My use case is as follows: I am reading in a stream from a kafka topic,
transforming a message, and writing the transformed message to another
kafka topic.

While running my stream, I can see the transformed messages on the output
topic so I know the basic structure of my stream seems to be running as
intended.

Inside my transformation, I am logging the total transform time as well as
the raw message being transformed. (Java by the way)

The 2 weird things I am seeing:
1) I am seeing that the consumer lag for this particular consumer group on
the input topic is increasing. This does not make sense to me - looking at
the transform time from the logs, it should easily be able to handle the
incoming feed. To give an example the transform times are < 10 ms per
record and the sample of data does not contain > 100 messages per second.
The stream should be reducing consumer lag as it runs (especially
considering multiple workers and partitions)

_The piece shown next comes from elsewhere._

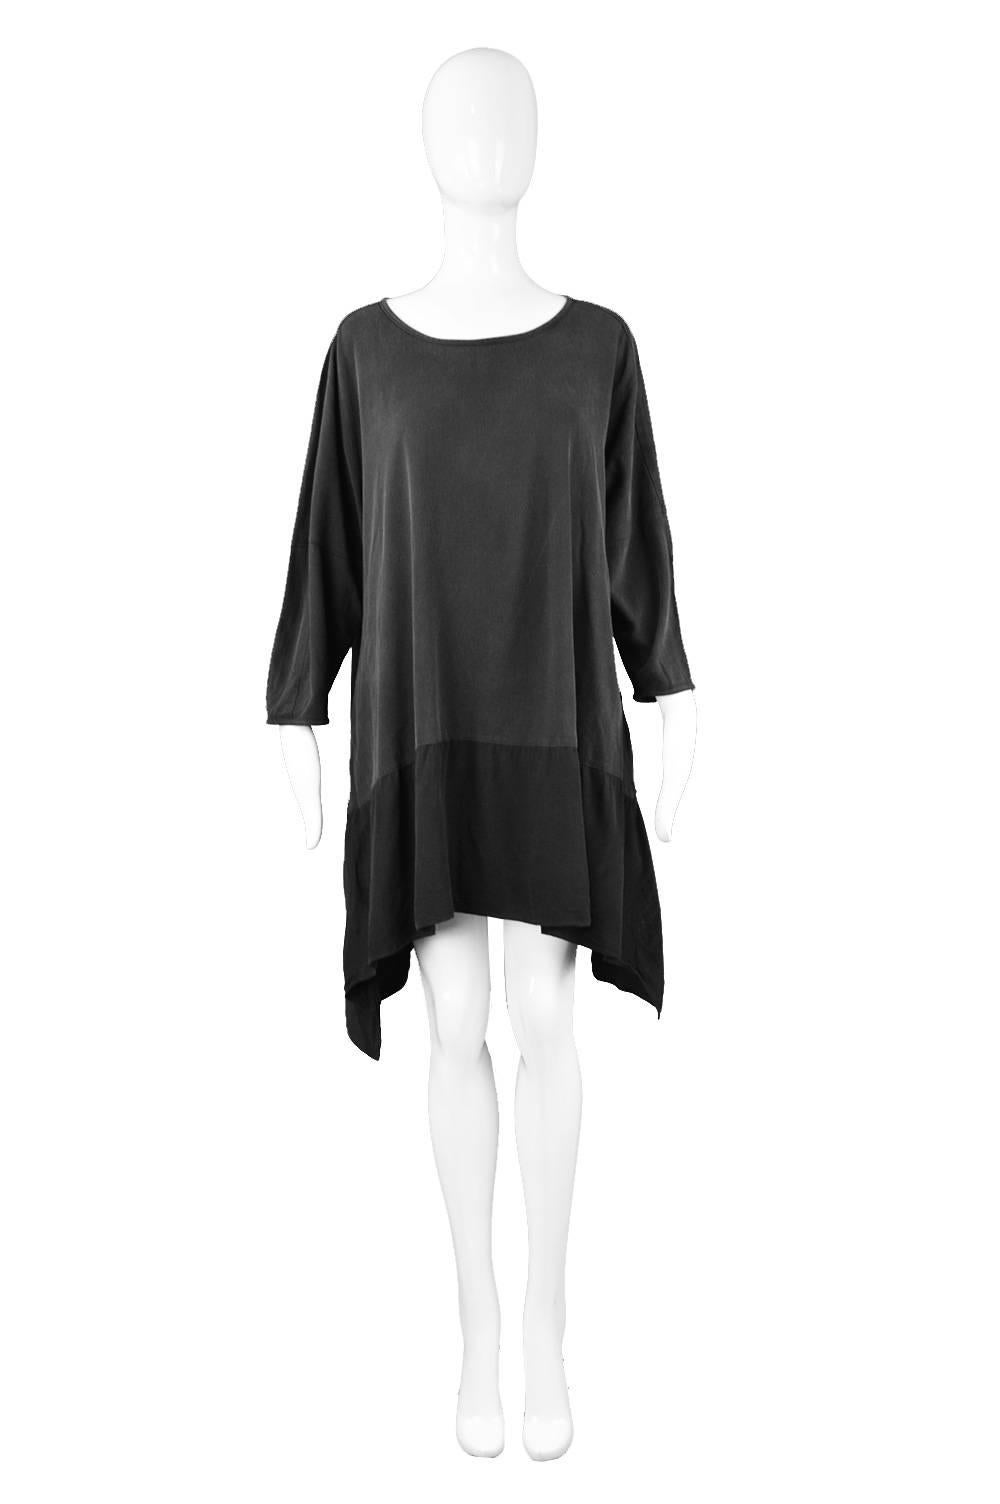 An incredible vintage women's vintage tunic mini dress by rare, highly sought after label, Workers for Freedom. In a minimalist/ lagenlook style from the Spring Summer 1995 collection. In a black cotton with a faded effect on top and a slinky rayon

2) I am seeing the same log transformation messages over and over on the
dataproc spark cluster logs. For example, I am currently looking at my logs
and the last 20+ log messages are the exact same

I thought 2 may be due to offsets not being handled correctly, but I am
seeing a reasonable range of transformed messages on the target topic, and
I'm using the built in checkpointing for spark to handle the offsets for me.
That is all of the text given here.